Specific examples of the fine particles made of inorganic compounds include metal oxides such as SiO ₂ , Al ₂ O ₃ , MgO, TiO ₂ , PZT, and ZnO, metal nitrides such as Si ₃ N ₄ , ZrN, CrN, and TiAlN, SiC Metal carbides such as TiC and WC, (synthetic) clay minerals such as bentonite, smectite and mica, and diamond. Further, mention may be made of graphite, BN, a solid lubricant such as WS _2. Furthermore, in order to improve the affinity with a base oil or a urea-based thickener, those whose surfaces are modified to be lipophilic may be used. Among these inorganic compounds, metal oxides and clay minerals that have a thickening action themselves are preferable.

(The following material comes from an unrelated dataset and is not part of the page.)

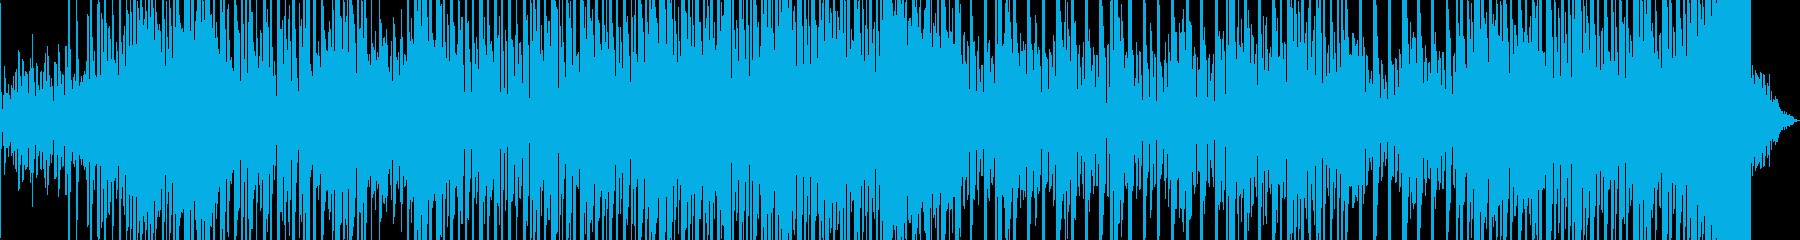 ダークな雰囲気のエレクトリックBGMの再生済みの波形

  As described above, the particle size of the fine particles made of the inorganic compound needs to enter the minute irregularities of the sliding surface, so that it is desirable that the particle size is smaller. In the present invention, the average particle size is 2 μm or less. If it exists, the favorable seizure prevention effect will express. When the average particle diameter is larger than 2 μm, the number of particles acting as foreign matters (dust) increases, which promotes wear of the sliding surface and causes an early failure of the bearing. Further, the smaller the average particle, the better, and 1 μm or less is more preferable. Further, considering the lubrication life of the sliding portion, the oil film thickness in actual use is about 0.2 μm, so the average particle size is smaller than this, and particularly preferably 0.1 μm or less. The shape of the fine particles is preferably closer to a sphere, but may be a polyhedron (cube, rectangular parallelepiped, etc.) or extremely acicular as long as it is within the above average particle diameter.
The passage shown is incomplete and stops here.